3.2 Feature Extraction

The feature extraction block uses a CNN to learn the features of the time-frequency representation. Most CNNs are built from very few basic building blocks: convolution, activation and pooling layers. The concatenation of these blocks introduces a higher depth to the network which has been shown to enhance accuracy [4]. A higher depth results in a higher number of required operations and a higher parameter count. In this work the feature extraction block is therefore limited to two sections consisting of two convolutional layers each, which provides enough parameters to learn significant features but is still moderate in parameter count.
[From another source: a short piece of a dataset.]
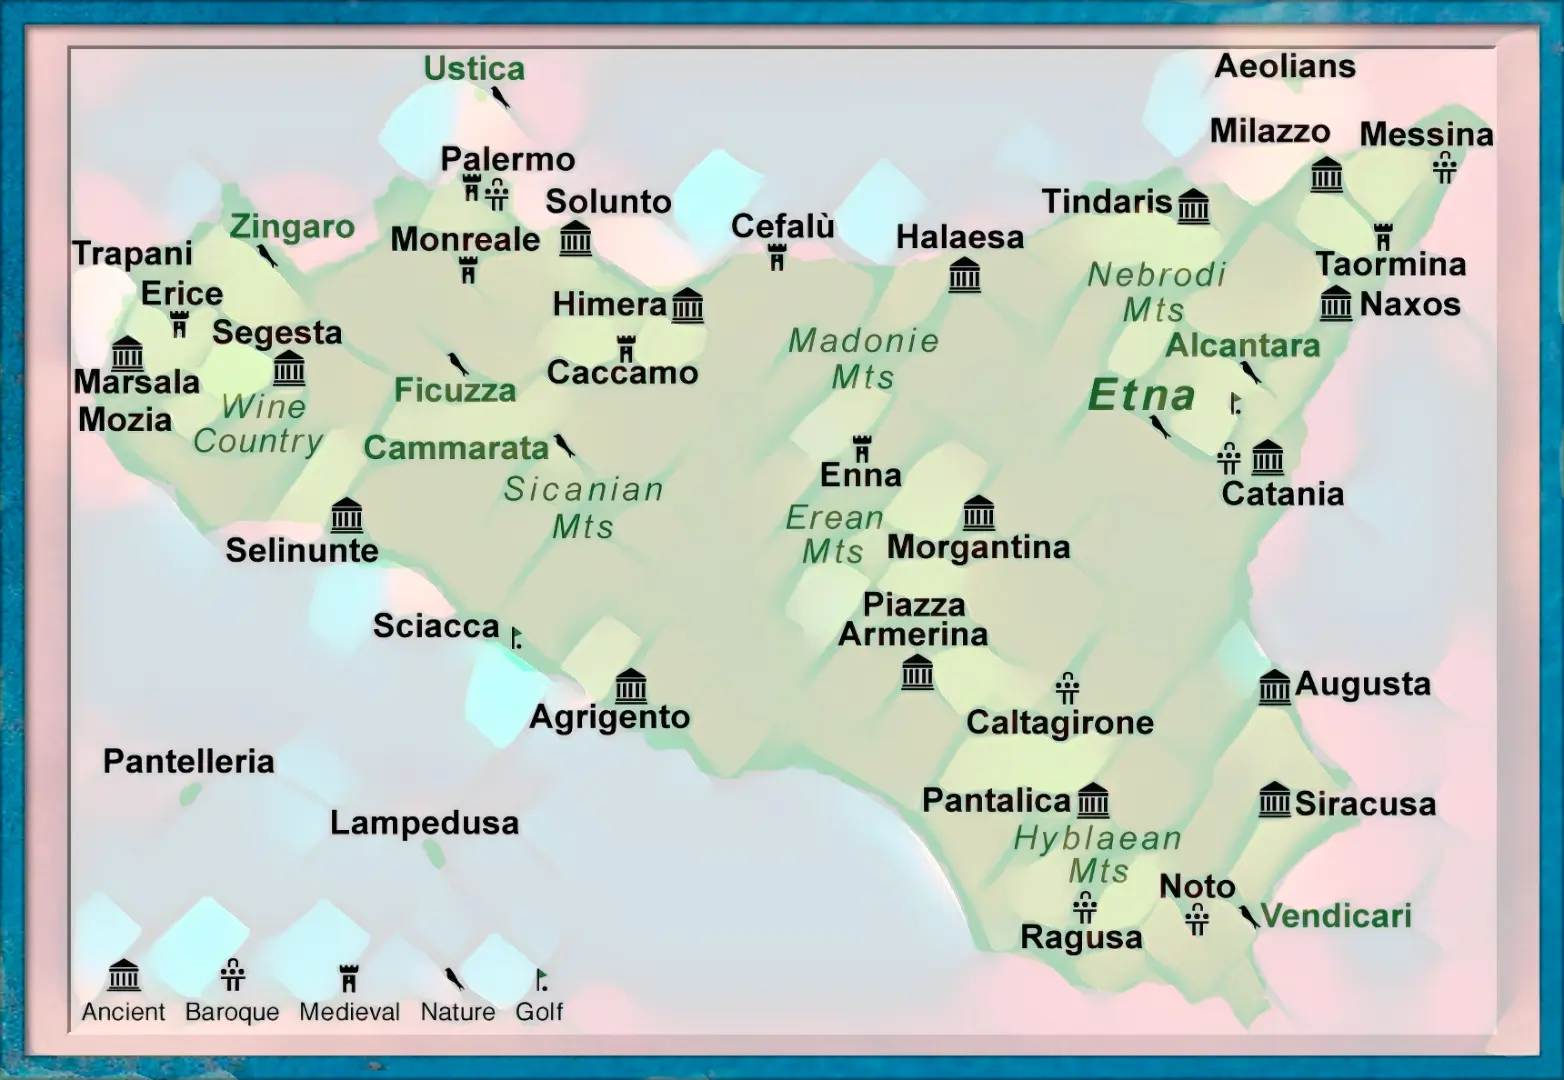 A detailed map of Sicily, Italy showing its cities and landmarks

Moreover, one convolutional layer with a higher filter size (e.g. 5x5) can be reduced with layers using 3x3 filters, which reduces the number parameters and potentially even improves the classification performance [4]. In most CNNs max pooling is used to regularize the network, but is has been shown that for small scale datasets the removal of the max pooling layer does not affect the performance [5]. As a consequence max pooling is removed from the network and the stride of the preceding layer is increased by 1, which divides the required MAC operations for this layer by four while maintaining the same network structure in principle.

3.3 Classification

Table 1 illustrates the structure of a network with fully-connected dense layers as classifier (CNN-FC) and a network using only convolutional layers as classifiers (CNN-C). For both networks the number of parameters and the number of required MAC operations are listed. It becomes obvious that the fully-connected layers have the biggest impact on parameter count which makes the preceding convolutional layers almost negligible. It has been shown that a fully-connected layer can be replaced by a 1x1 convolutional layer [18], which reduces the number of parameters, and thus the memory footprint, from to . The reduction of parameters also further regularizes the network, which is an advantage for training the network and therefore, an improvement in accuracy can be expected. As a last layer average pooling reduces the output of the last convolutional layer to an array, whose size matches the number of labels. The replacement of the fully-connected layers slightly increases the number of MAC operations.

3.4 Final design

The design proposed in this paper is denoted as CNN-CNP and is illustrated in Table 1. After applying each optimization step as described above the parameter count is decreased considerably by a factor of 515 to 452 k parameters and the number of MAC operations by a factor of 2.1 to 1239 M MAC. Moreover, after optimization the network consists only of convolutional layers. This unified architecture beneficial for hardware implementation and especially for the use of convolutional hardware accelerators.

4 Experiment

After applying these fundamental changes to the network and substantially reducing the number of parameters and arithmetic operations, it needs to be validated that the classification performance is maintained and kept on an acceptable level. For this purpose the two networks (CNN-C and CNN-CNP) have been implemented using Keras [19]. These networks are compared against the best performing implementations from [3], which are referred to as A and B. The network A has the same structure as the CNN-FC network from Table 1, the B network is a more complex network with a higher depth and bigger fully-connected layers.

4.1 Dataset

The dataset [3] contains various sound files collected from freely available online sources. It consists of 28 different event types of variable length, e.g. airplanes, violins, birds or footsteps. The total length of all 5223 audio files is 768.4 minutes. The data is split into training and test set. The training set contains 75 % of the original data and is further subdivided into training and validation set with a ratio of 0.25. Although the dataset is strongly biased no data augmentation was performed in the following experiments, since the main focus is on the comparison of the algorithm in terms of structure, resources and classification performance, and not on the augmentation technique. Both networks were trained by minimizing the cross-entropy loss using the gradient-based optimizer ADAM [20] with mini-batches of size 128. The optimizers’ parameters were left at its default values.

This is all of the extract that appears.